Seven studies (39–41, 50, 51, 53, 55) assessed the effect of probiotics or synbiotics supplementation in CRC patients undergoing chemotherapy treatment. Details from each study are shown in Table 4. One study used synbiotics for the intervention group (50), 3 used a mixture of probiotics strains (39, 51, 55), 2 studies used kefir and one study used a single strain in the intervention group (53). For the control group, 2 studies used standard of care (51, 53), while the remaining 5 used some type of placebo (39–41, 50, 55).
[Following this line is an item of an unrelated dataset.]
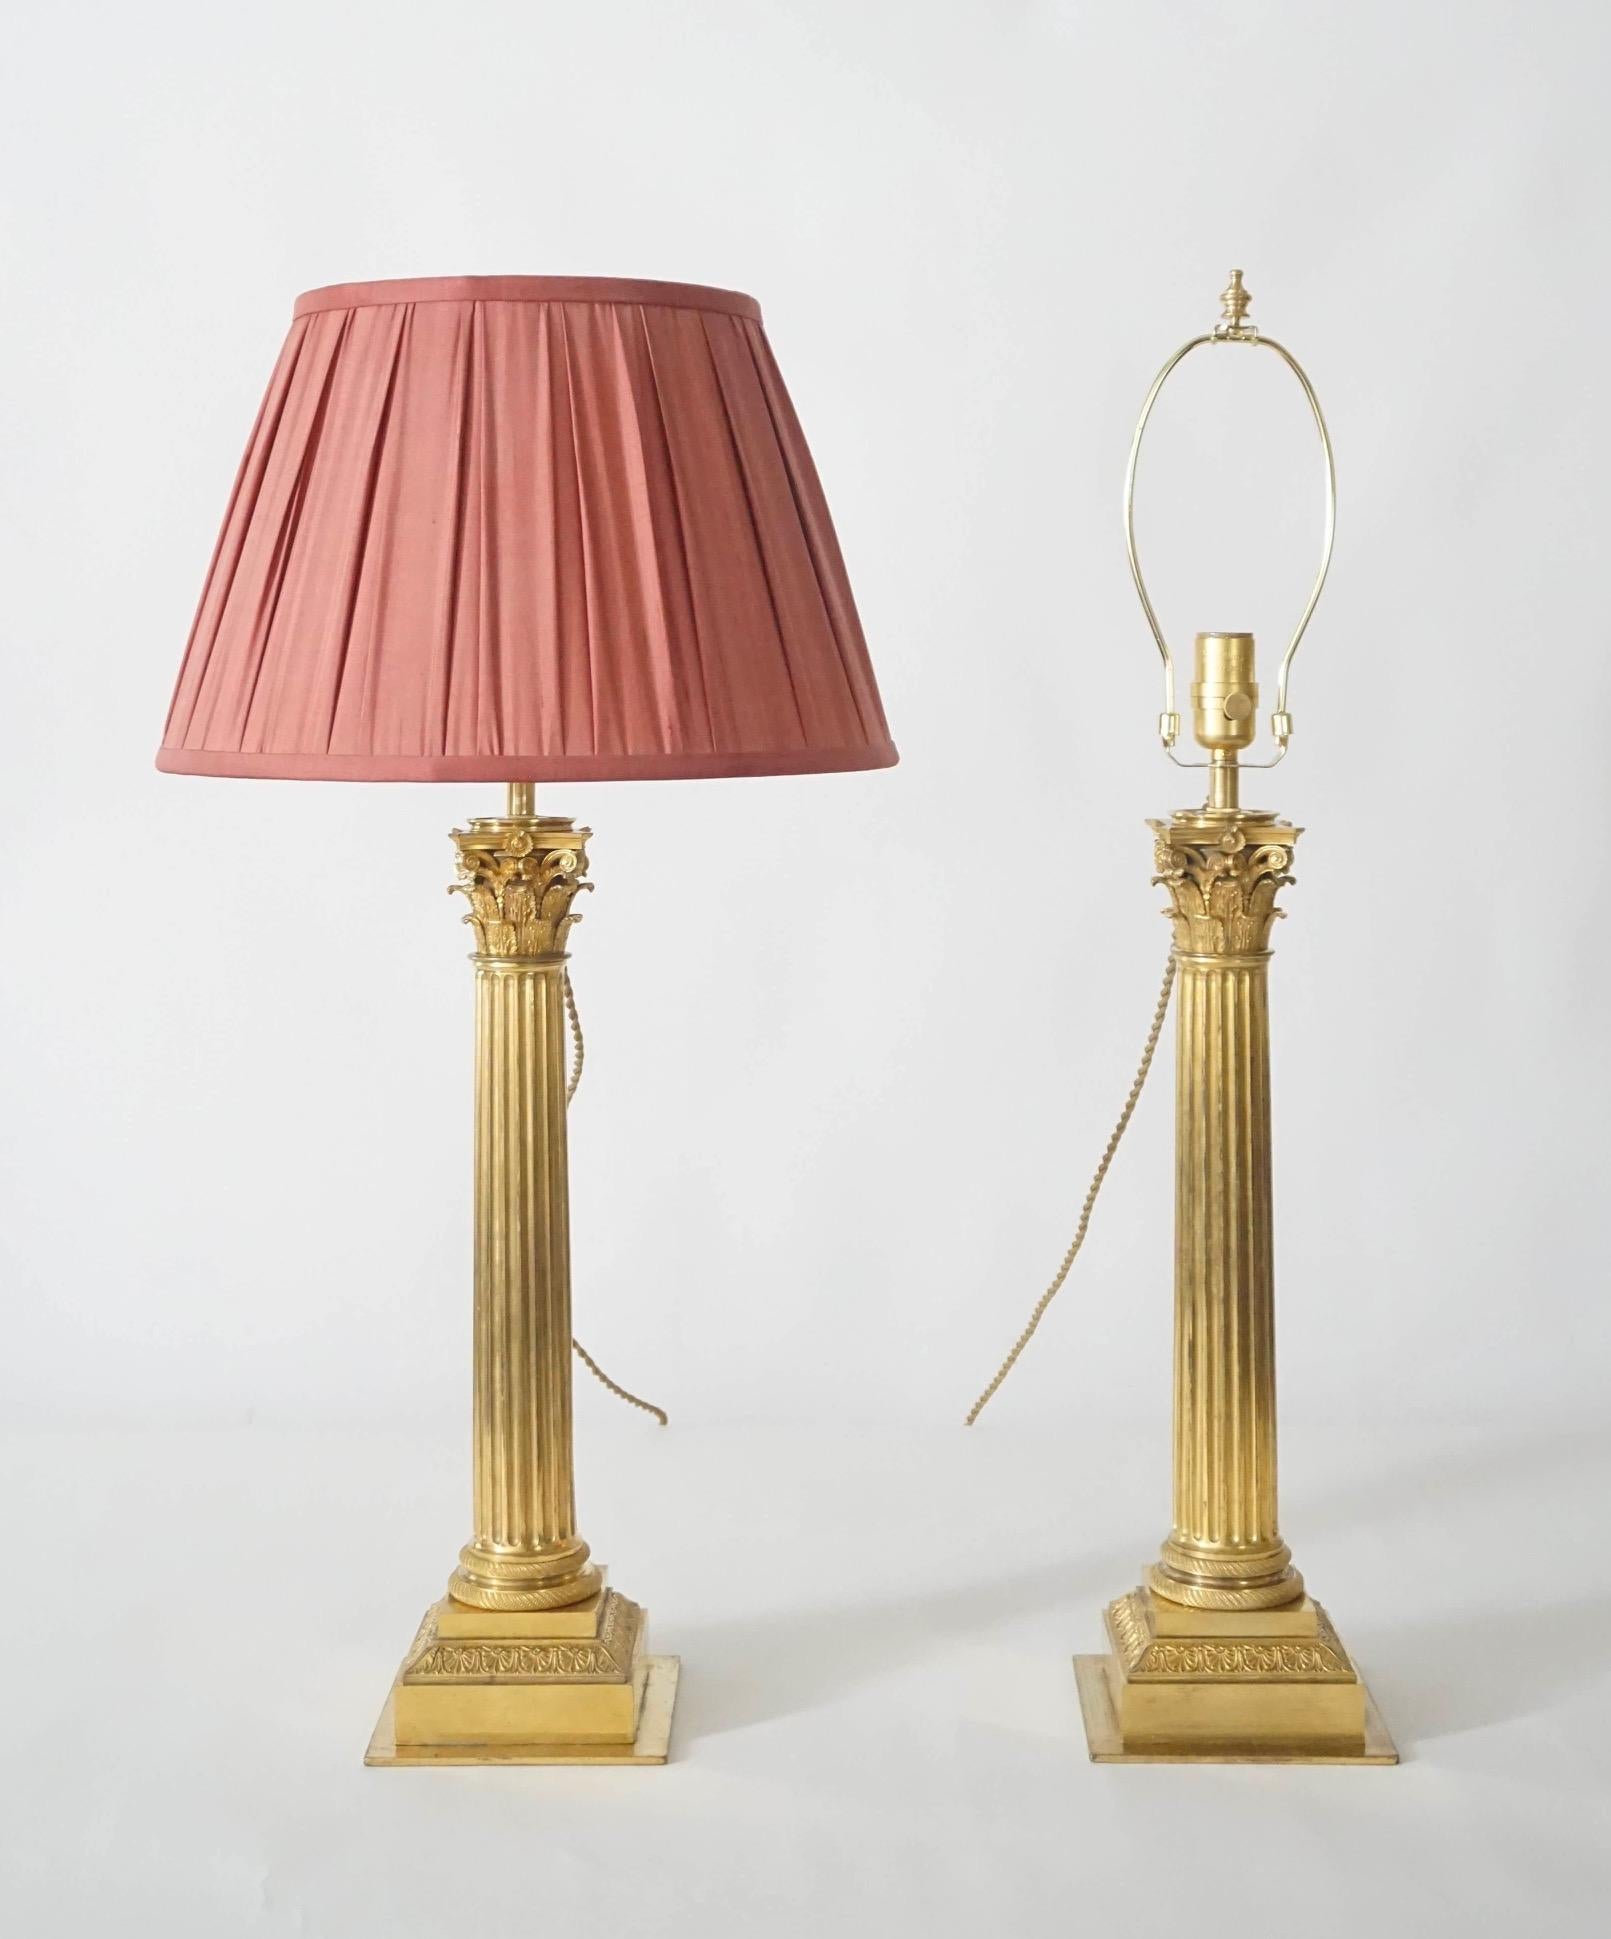 Ormolu Corinthian Column Sinumbra Base Table Lamps, France, circa 1825 For Sale 4

The impact of probiotics or synbiotics supplementation on the incidence of diarrhea was assessed in all studies but one (40). Significant improvement of this side-effect was reported in 3 of the following studies: (1) Österlund et al. reported a lower incidence of diarrhea grade 3 – 4 in patients who received Lactobacillus rhamnosus twice a day for the 24 weeks of adjuvant chemotherapy (22% vs 37%, p=0.027) (53), comparing to the placebo group; (2) Mohebian et al. noted a lower severity of diarrhea and improved stool consistency in patients who took a mixture of probiotics twice a day for one week (51); and (3) Huang et al. also demonstrated a lower incidence of diarrhea in patients who received probiotics from day 3 postoperative to the end of the first neoadjuvant chemotherapy cycle, in a total of 6 weeks (16% vs. 40%, p=0,008) (39). Mego et al. also observed a lower incidence of overall diarrhea and lower incidence of grade 3 – 4 diarrhea when probiotics were administered 3 times a day for 12 weeks, however, these results did not reach statistical difference when compared to the placebo (0% vs. 17.4% p=0.11 and 39.1% vs. 60.9% p=0.24 respectively) (55). In contrast, a study by Can et al., where 250ml of kefir was consumed during the first 5 days of each chemotherapy cycle, reported that this intervention did not prevent diarrhea but increased constipation (41).

Besides lower incidence of diarrhea, the study by Huang et al. also reported, when compared to placebo, lower incidences of abdominal pain (6% vs 24%, p=0.025), abdominal distension (10% vs 28%, p=0.041) and constipation (8% vs 28%, p=0.019) in the group who took probiotics (39). Furthermore, Österlund et al. also demonstrated a lower abdominal discomfort resulting from flatulence and less abdominal distension in patients who took Lactobacillus rhamnosus (2% vs. 12%, p=0,025). This study also showed statistical significance for less chemotherapy-dose reductions due to bowel toxicity (21% vs 47%, p=0,008) in the intervention group (53). Accordingly, Farshi Radvar et al. demonstrated that synbiotic administration for 6 weeks, starting one week before chemoradiotherapy, decreased the incidence of symptoms such as nausea, vomiting, appetite loss and diarrhea, even though these results weren’t statistically significant, the placebo group has significant increases in these symptoms (50).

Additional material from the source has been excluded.